Re: Keeping caseid in and keeping missing observations out when using Stata "collapse" [message #5617 is a reply to message #5611] |
Wed, 17 June 2015 09:26 |
Bridgette-DHS
Messages: 3202 Registered: February 2013
|
Senior Member |
|
|
Following is a response from DHS Senior Stata Specialist, Tom Pullum:
If you collapse by v001, you cannot include caseid in the "by" part of the collapse command. You should replace "by(v001 caseid)" with "by(v001)". The collapsed file will have one record per cluster.
caseid is a combination of v001, v002, and v003. They are numeric variables but caseid is a string with embedded blanks.
To merge the collapsed data back onto the individual records in the IR files, you only need to sort both files on v001. However, when I do this I sort the IR file on v001 v002 v003, even though it's not really required.

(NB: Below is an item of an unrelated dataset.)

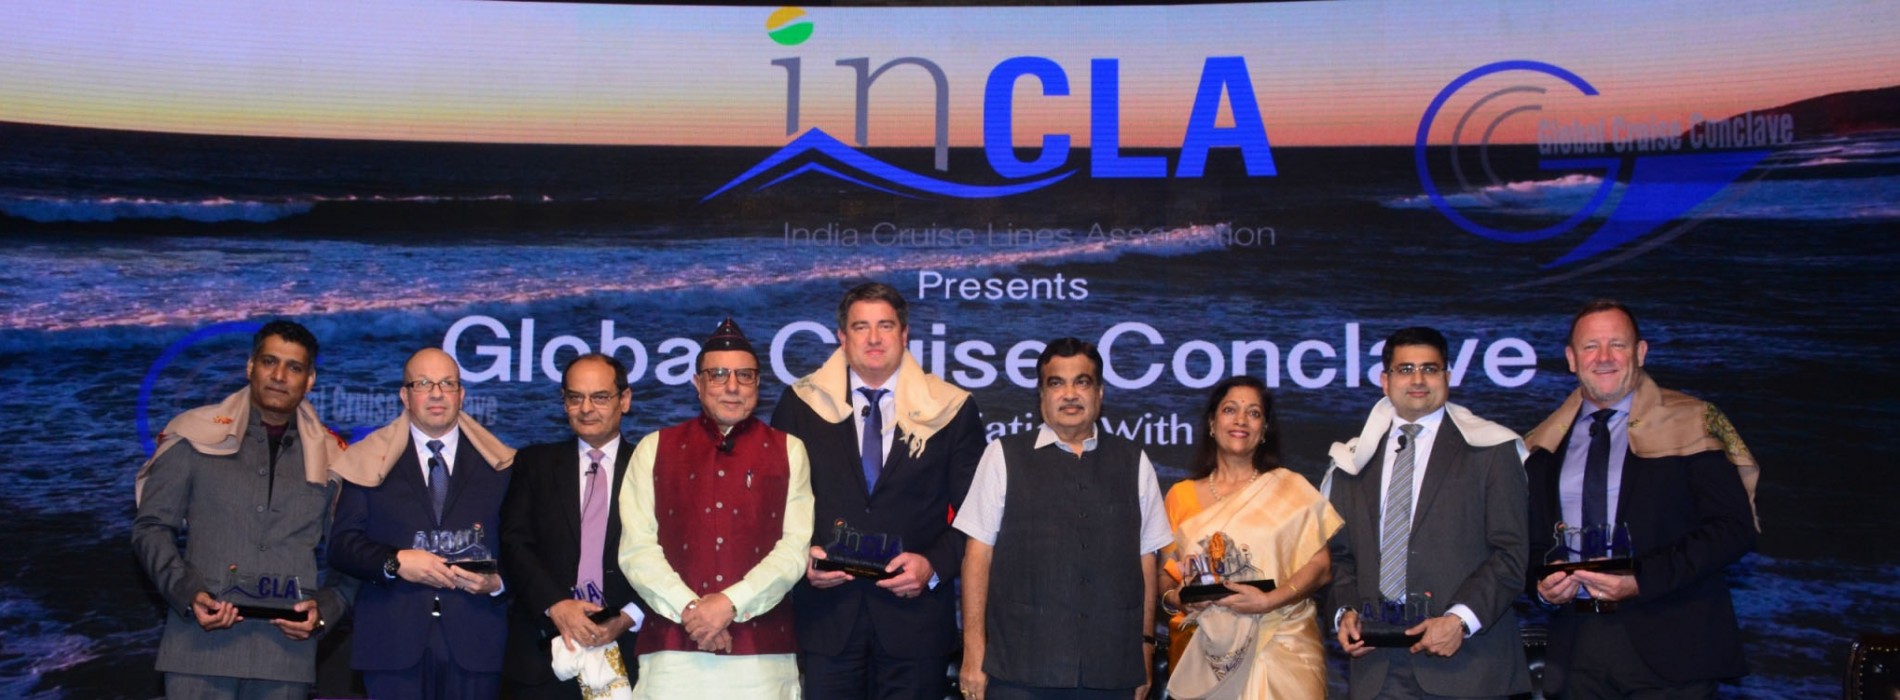 India Cruise Lines Association presents White Paper on “Recommendations for Indian Cruise Industry”

Since your cluster-level file does not contain v002 and v003, they are irrelevant for the merge.
So I recommend lines such as the following:
[your sort command]
sort v001
save temp.dta, replace
use IRdata.dta, clear
sort v001 v002 v003
merge v001 using temp.dta
keep if _merge==3
Like many Stata users, I prefer the old version of the merge command, but the newer one will also work.
|
|
|